Oldwiki.scinet.utoronto.ca:System Alerts

From oldwiki.scinet.utoronto.ca
Jump to navigation Jump to search

System Status

upGPC upTCS upSandy upFile System
upGravity upP7 upViz upBGQ upHPSS


NOTE: BGQ cannot currently be accessed directly from the outside. Please ssh to the login nodes (login.scinet.utoronto.ca), and once there do "ssh bgqdev".

Sat May 21 18:09:06 EDT 2016: BGQ was overheating due to stuck valve, and some jobs were killed. We have reset the valve and it's working apparently. TCS is up.

Sat May 21 16:08:57 EDT 2016: P7 and BGQ are up. TCS still has some issues.

Sat 21 May 2016 13:12:14 EDT: GPC and viz nodes available. Some issues delaying other systems

Sat 21 May 2016 10:07:14 EDT: Starting to bring up storage and other eqpt slowly to be sure there are no outstanding issues. Will be at least noon before any systems are available. Will update timeline as we progress.

Fri 20 May 2016 19:04:36 EDT: Problem was traced to a faulty valve controlling makeup water to the cooling-tower. Valve has been fixed and water removed but systems will remain down overnight in order to make sure the machine room sub-floor has dried properly.

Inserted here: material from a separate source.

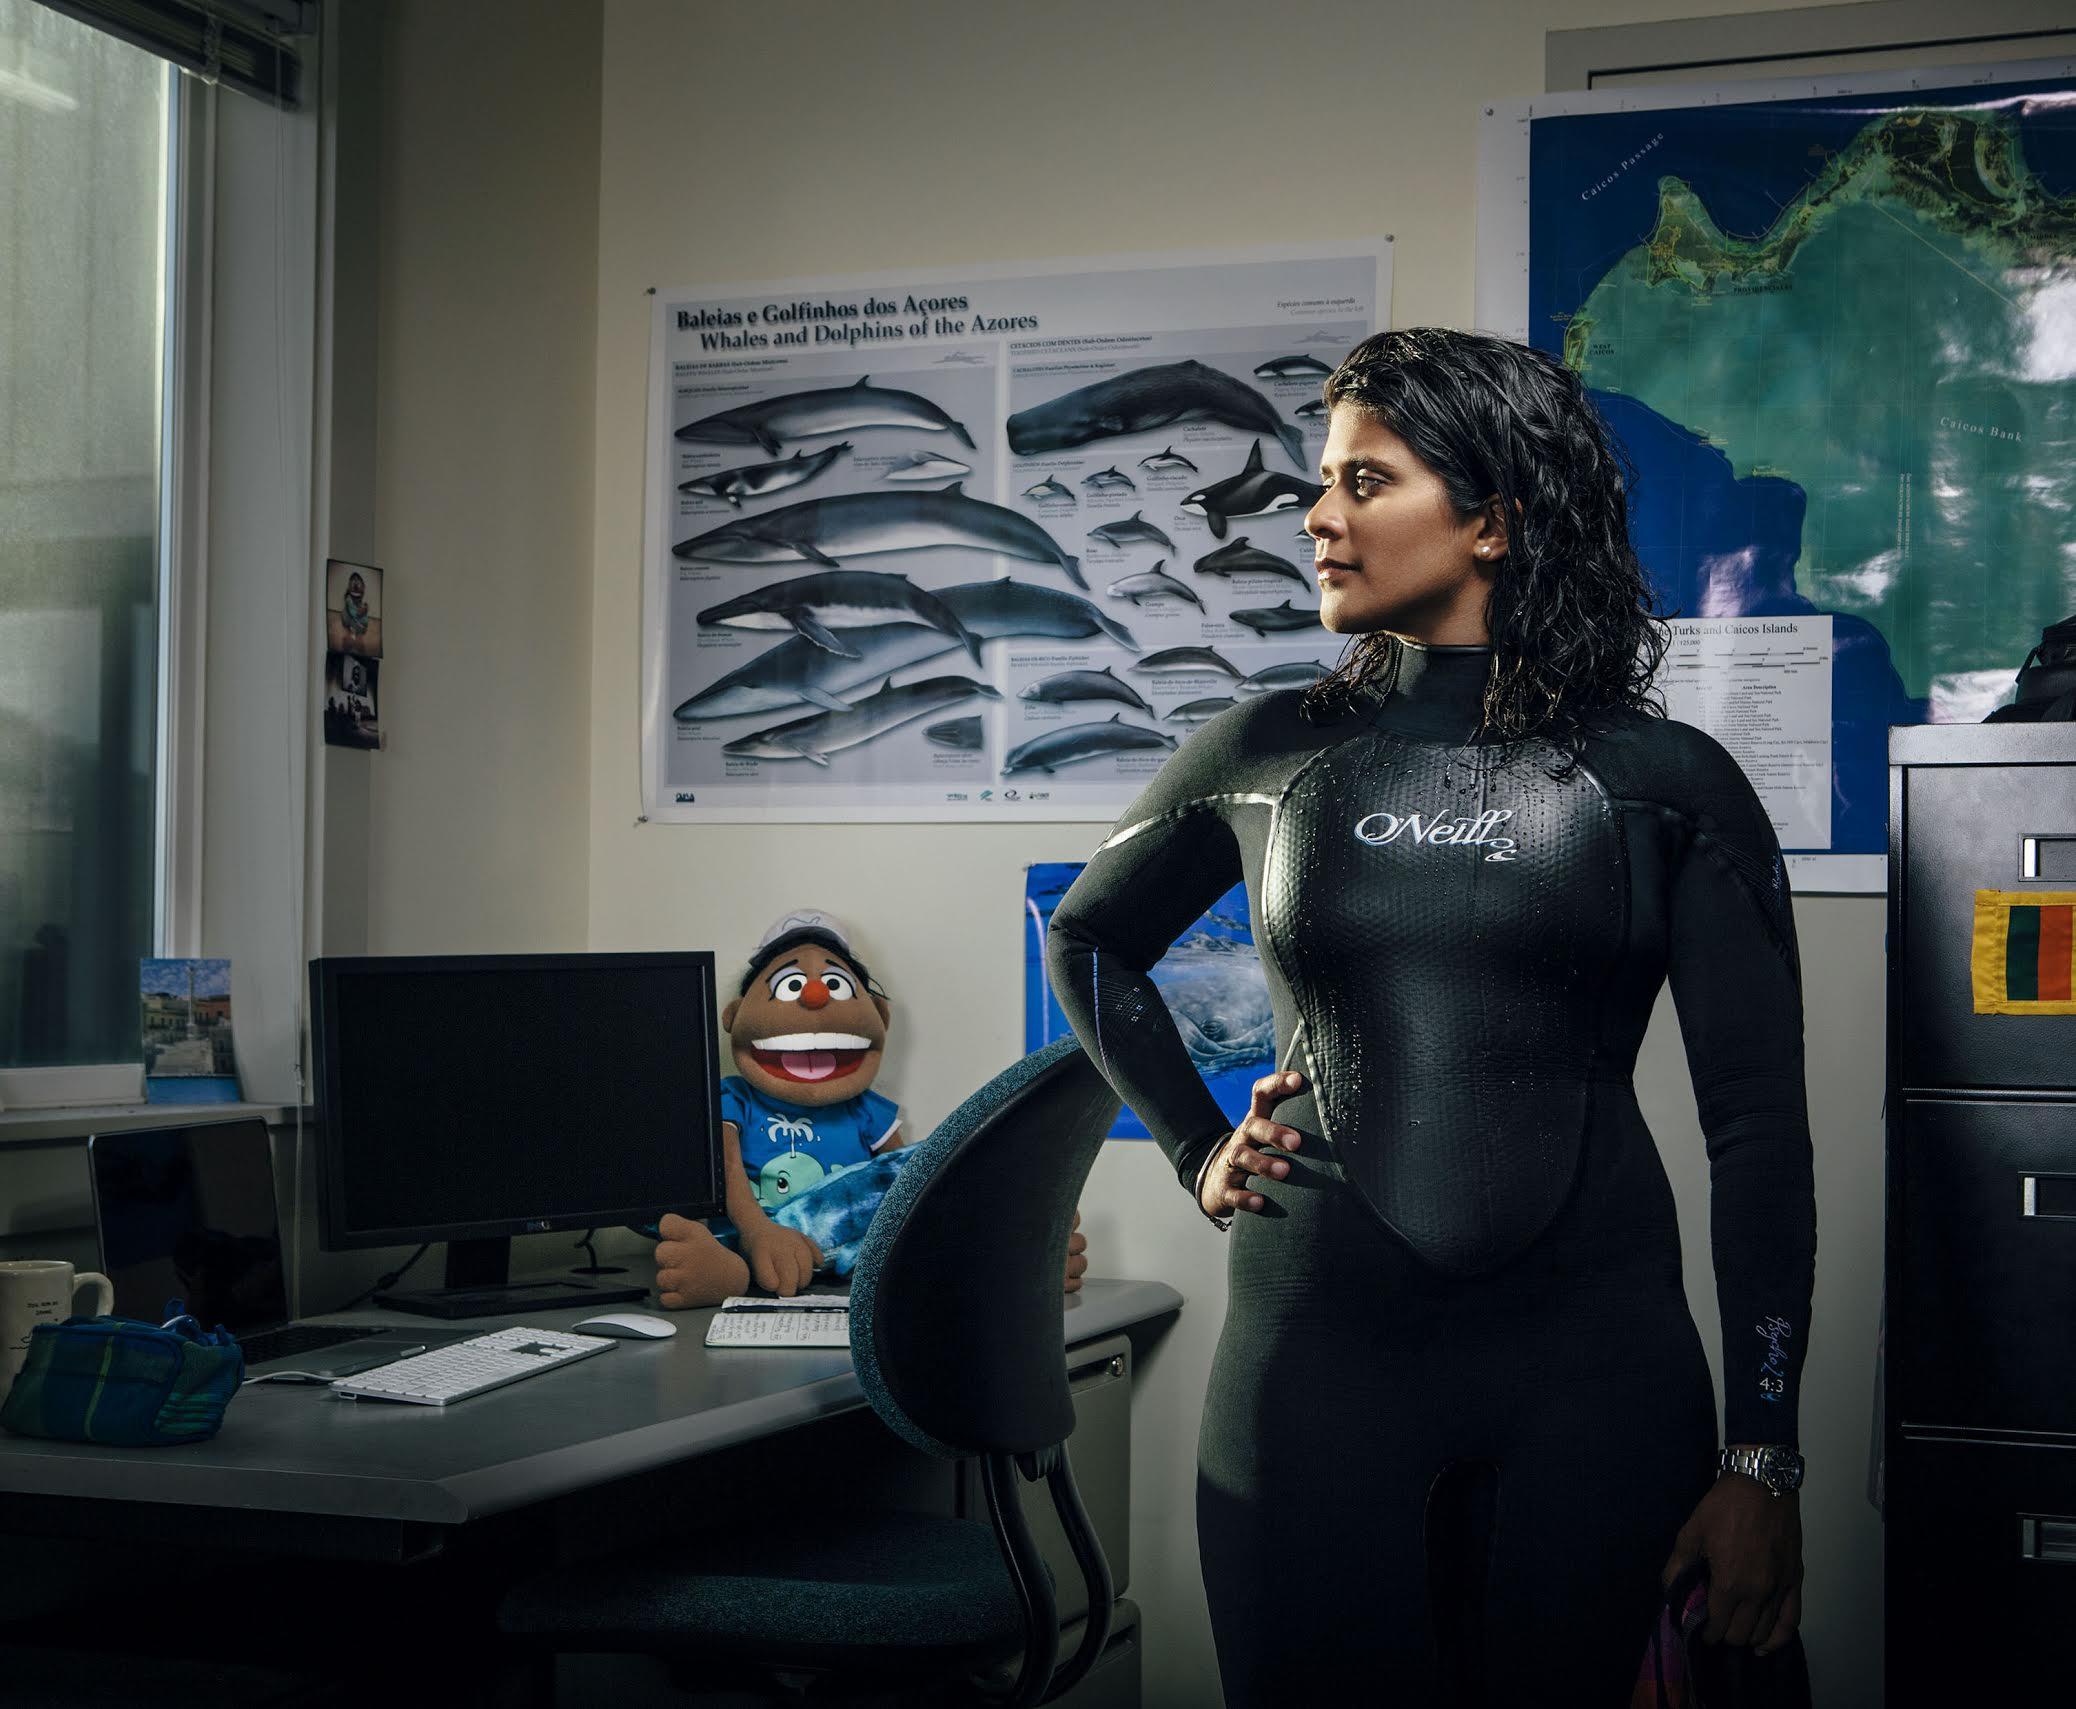 TED Fellow and 2016 National Geographic Emerging Explorer Asha de Vos. Photo: courtesy of Asha de Vos
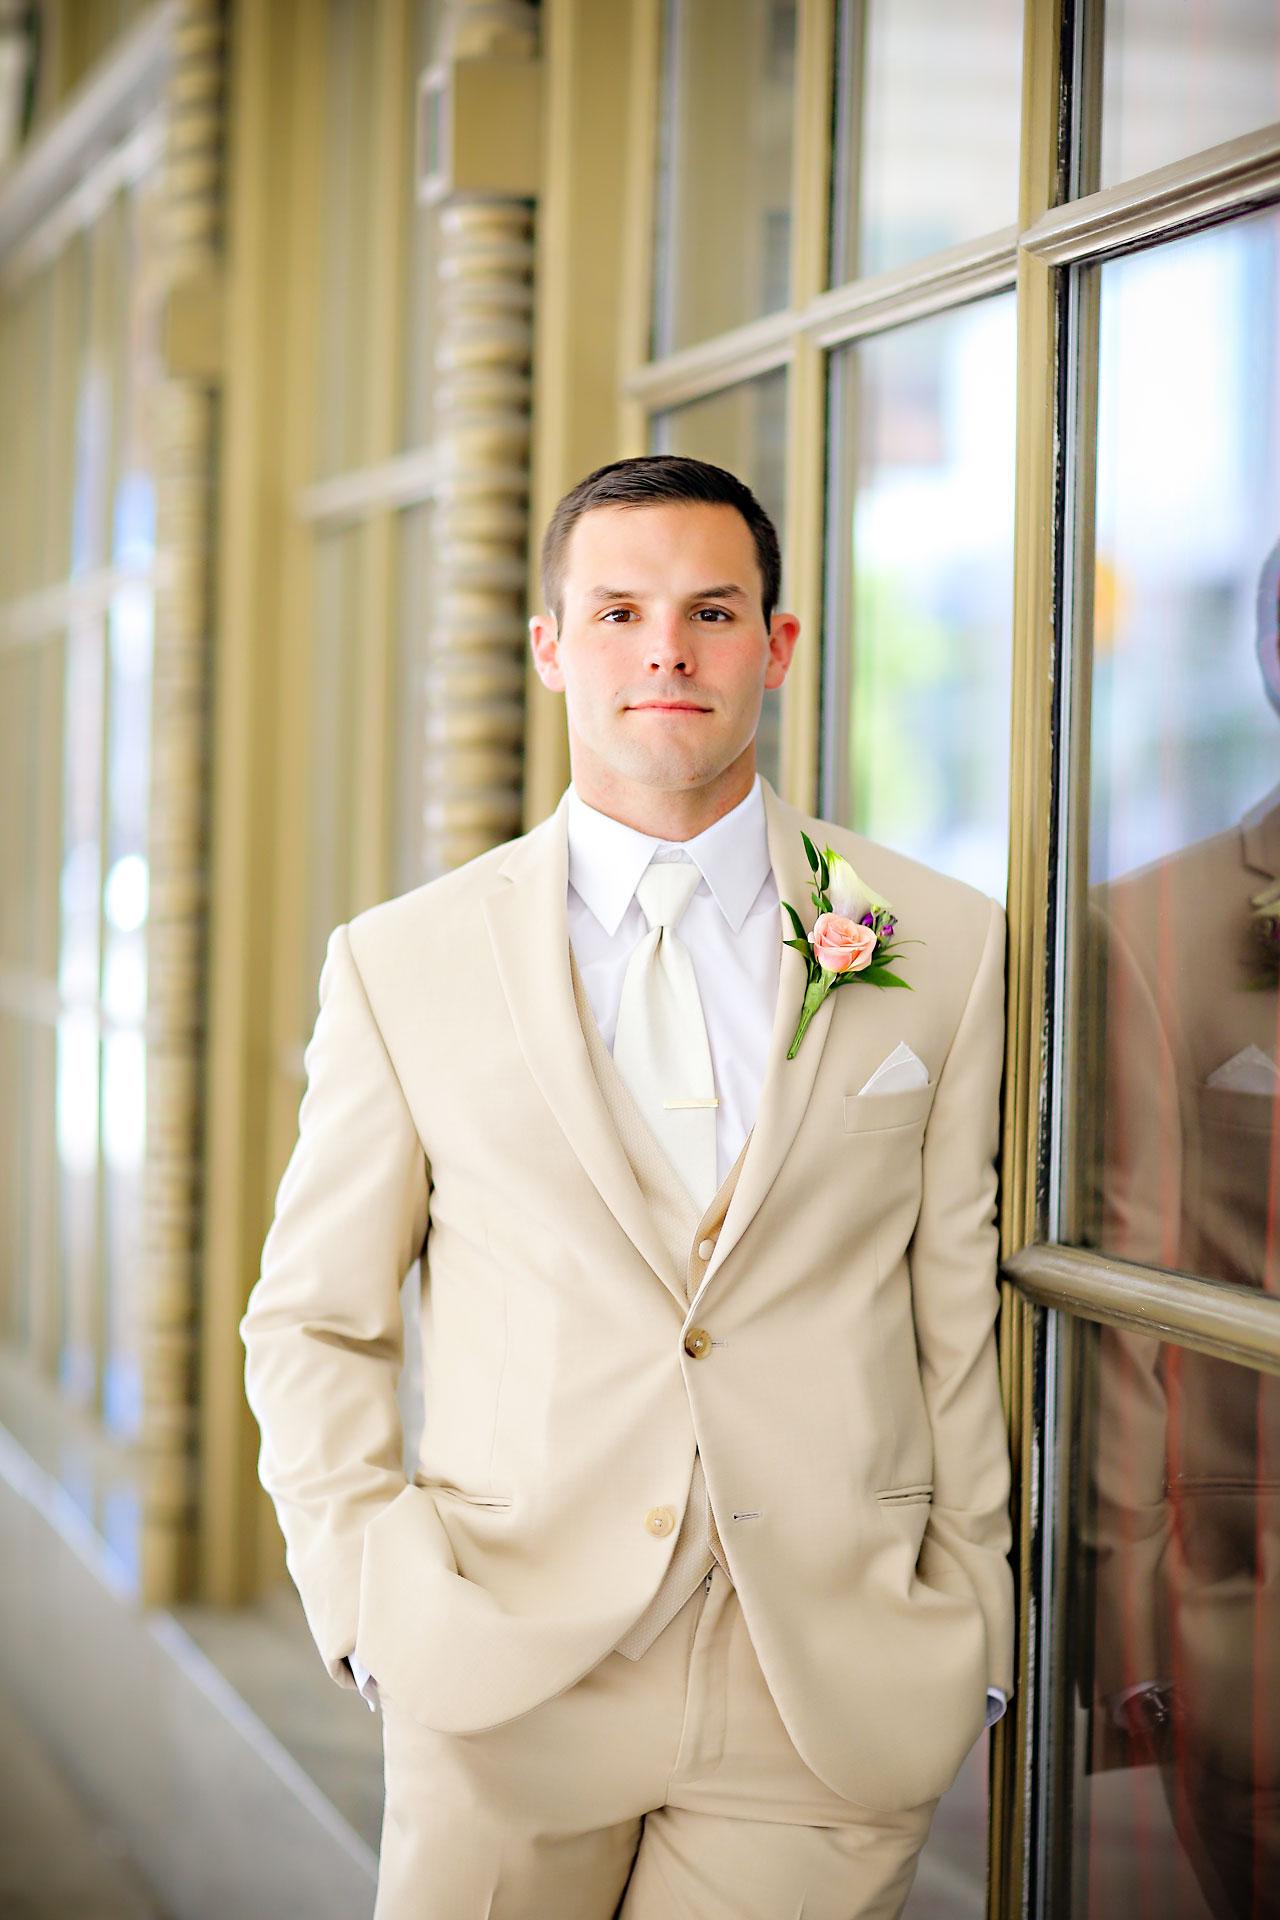 Chandra Kevin Indiana Roof Ballroom wedding 0070

Next update will be about 10AM tomorrow (Saturday) morning. We hope to start bringing systems up at that time.

May 20, 9:50 AM: All systems are being brought down to investigate a water leak in the data centre. Keep checking here for updates. As investigation is ungoing, it is not yet possible to give an estimate when systems may be up again.